Francis Pelzer
Analyst · Tim Long from Barclays
Thank you, Francois, and good afternoon, everyone. As we previewed in our preliminary results announcement and as Francois just highlighted, we delivered a very strong Q1. On a GAAP basis, Q1 revenue was $625 million. First quarter non-GAAP revenue of $626 million was up 10% year-over-year and well above the high end of our initial $595 million to $615 million guidance range.
Please note, as I review our revenue mix, I will be referring to non-GAAP revenue measures. Also, this will be the last quarter we speak about non-GAAP revenue as we lap the acquisition of Shape. Going forward, the add-back of the Shape purchase accounting write-down is de minimis.

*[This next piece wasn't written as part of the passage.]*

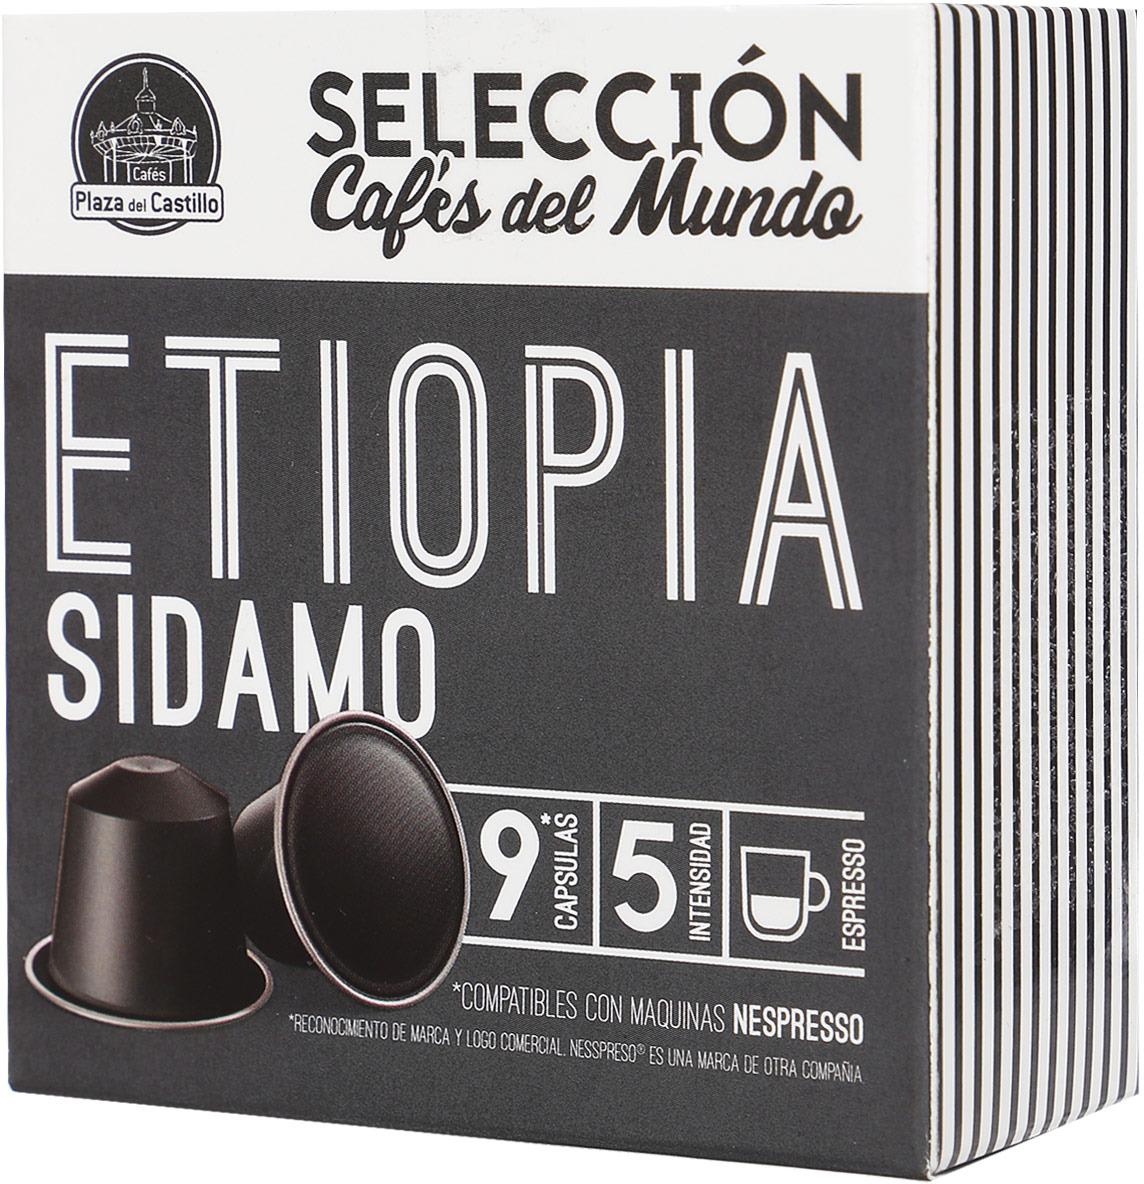 Cafes Plaza del Castillo Отборный кофе стран мира: Эфиопия Кофе в капсулах, 9 шт по 54 г trish morey secrets of castillo del arco

Q1 product revenue of $289 million was up 23% year-over-year and accounted for approximately 46% of total revenue. This is the strongest product revenue growth we have delivered since Q2 of FY 2011, nearly a decade ago.
As Francois noted, customers accelerating their digital transformation efforts drove growth in both our software and system sales. Software revenue was $111 million, growing 70% compared to the year ago period, which did not include contribution from Shape. Excluding Shape's contribution in Q1 of '21, software revenue grew approximately 35% year-over-year.
Our mix shift continued this quarter with software representing 38% of product revenue in Q1, up from 28% in the year ago quarter. Customers' preference for flexible subscription models continue to fuel our subscription revenue momentum. In Q1, we again drove record subscription volume with subscriptions representing 77% of software revenue in the quarter.
Services revenue of $337 million grew 1% year-over-year and represented 54% of revenue. Revenue from recurring sources, which includes term subscriptions as a service and utility-based revenue as well as the maintenance portion of our services revenue totaled 66% of revenue in the quarter. This is up from 63% in the year ago period. The improvement comes largely as a result of the strong subscription software momentum I mentioned previously.
Systems revenue of $179 million was up 5% compared to last year. Francois will speak to the drivers of this strong performance in more detail. On a regional basis, in Q1, Americas delivered 14% revenue growth year-over-year, representing 55% of total revenue. EMEA delivered 4% growth, representing 26% of revenue, while APAC grew 7% and accounted for 19% of revenue. Looking at our bookings by vertical, enterprise customers represented 67% of product bookings, service providers accounted for 14% and government customers represented 18% of product bookings, including 6% from U.S. Federal.
Let me now share our Q1 operating results. GAAP gross margin in Q1 was 81.6%. Non-GAAP gross margin was 84.4%. GAAP operating expenses were $392 million. Non-GAAP operating expenses were $322 million. Our GAAP operating margin for Q1 was 18.9%, and our non-GAAP operating margin was 33%. Our GAAP effective tax rate for the quarter was 25.1%, and our non-GAAP effective tax rate was 21.7%. GAAP net income for the quarter was $88 million or $1.41 per share. Non-GAAP net income was $161 million or $2.59 per share.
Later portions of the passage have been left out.